Second Part: On the basis of community-based research, the traditional knowledge is classified. The local Tibetan women, project members and scientific experts together to classify traditional knowledge about climate change, biodiversity and livelihoods, the traditional knowledge is divided into five categories:
1.The knowledge for traditional use of agricultural bio-species and genetic resources;
2.The knowledge for traditional use of medicinal bio-species;
3.Traditional technical innovations for bio-resource use and traditional practices for farming and living styles;
4.Traditional cultures such as customary laws and community protocols that are related to conservation and sustainable use of bio-resources;
5.Traditional geographically biological indicators.
Third Part: Based on the classification of the traditional knowledge, with the support of our project team and scientific experts, the local Tibetan women began to develop a community-based biodiversity conservation plan for climate change, and conducted action research to adapt the climate change.
Fourth Part: The traditional organization in the community, the Tibetan women sisterhood, as a platform for the implementation of the community-based conservation and adaption plan; use the custom law in the Tibetan women sisterhood as a method of the implementation.
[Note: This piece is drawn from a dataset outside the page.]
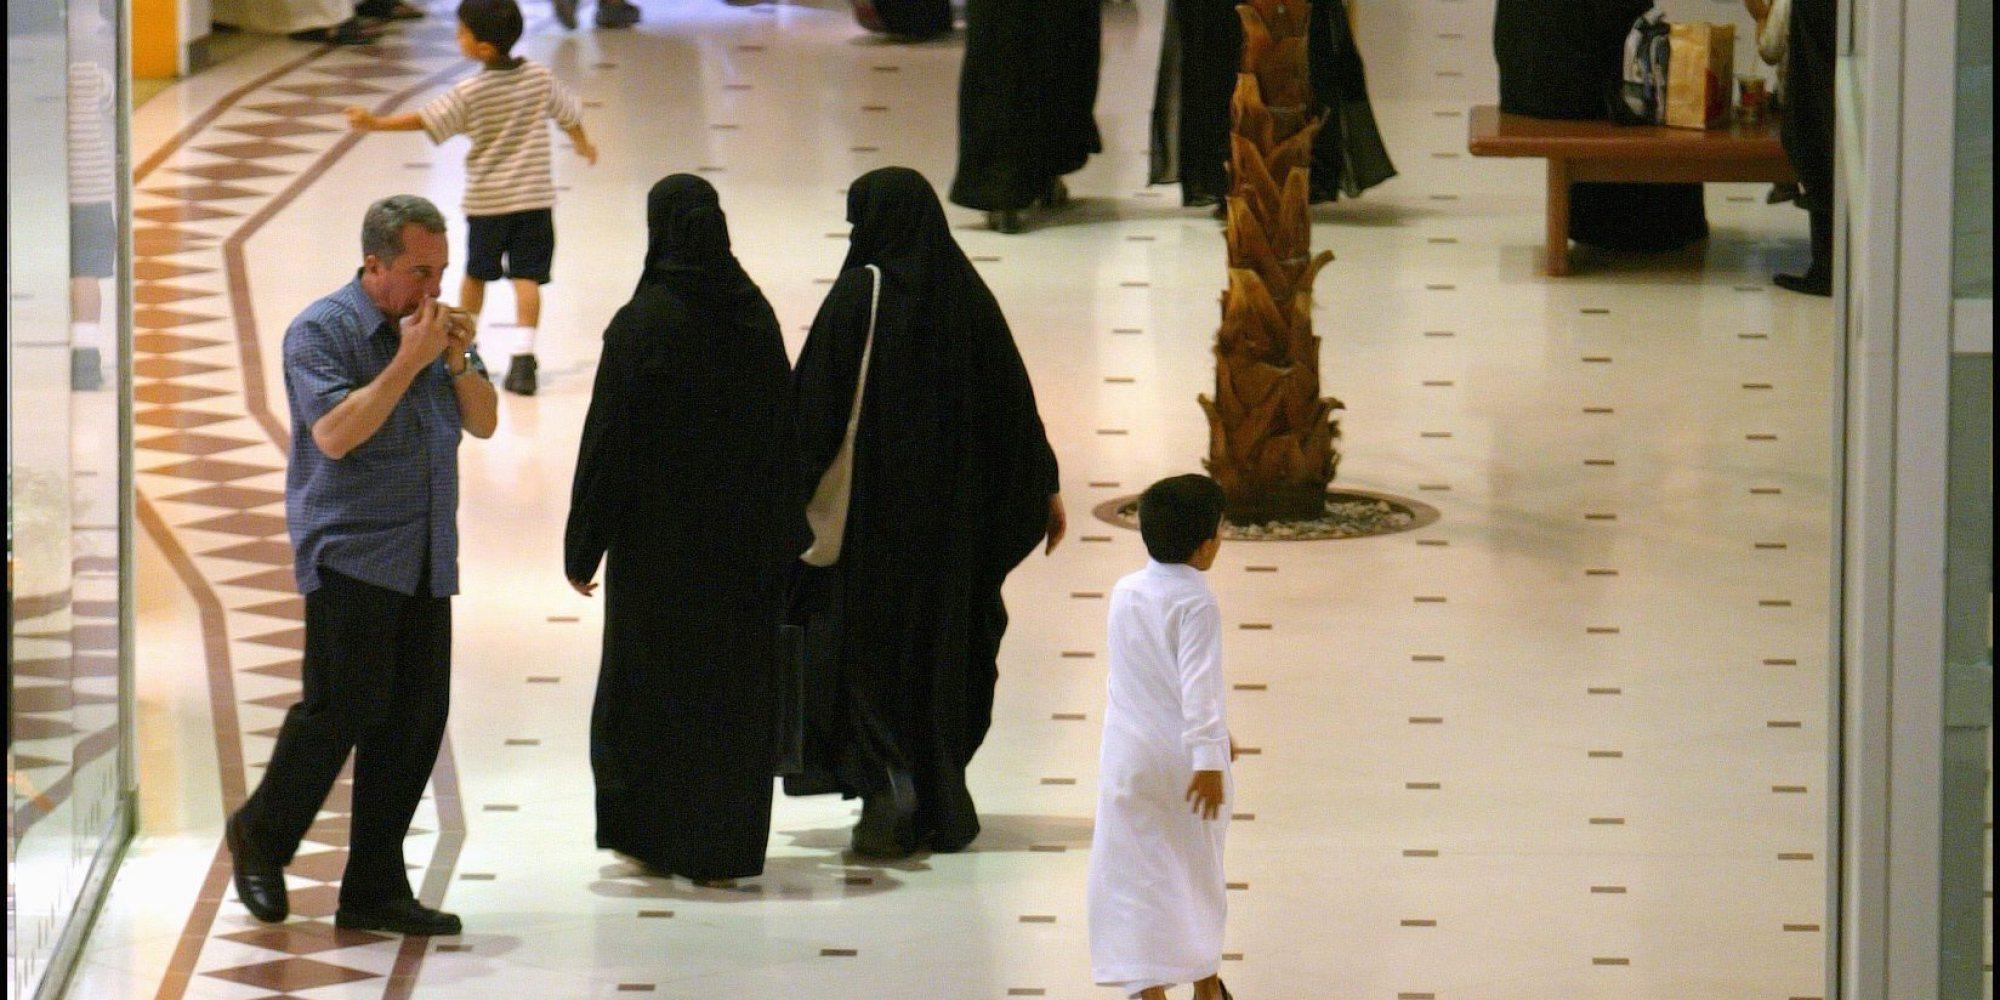 هل صارت أيامها معدودة؟.. هكذا تسعى السعودية إلى كبح جماح  الأمر بالمعروف والنهي عن المنكر

The sustainable biodiversity conservation plan and climate change adaption plan in local level can be realized by means of traditional community organizations and customary law. The aim is to integrate external projects with local traditional and customary practices, the community-based plan has become a familiar local solution for the Tibetan women, and finally realize the biodiversity conservation and climate change adaption. The innovative actions of local Tibetan women are precisely based on their traditional knowledge and traditional organizations, especially the Tibetan sisterhood.
For the local Tibetan women, biodiversity was not only a resource problem, but also a social and cultural phenomenon. And the impact of climate change on biodiversity resources is not only an environmental problem, but also an issue of spirit and belief.
The traditional knowledge can improve understanding of the influence of climate change to biodiversity, and provide ideas to develop an equitable and effective biodiversity conservation plan to adapt the climate change. For the Tibetan women, compare with the externally driven adaption options, they are more willing to take the community-based biodiversity conservation plan, because such a plan will enable them to apply their traditional knowledge according to the geographical location and environment of their areas, so that their actions to adapt to climate change will be more effective.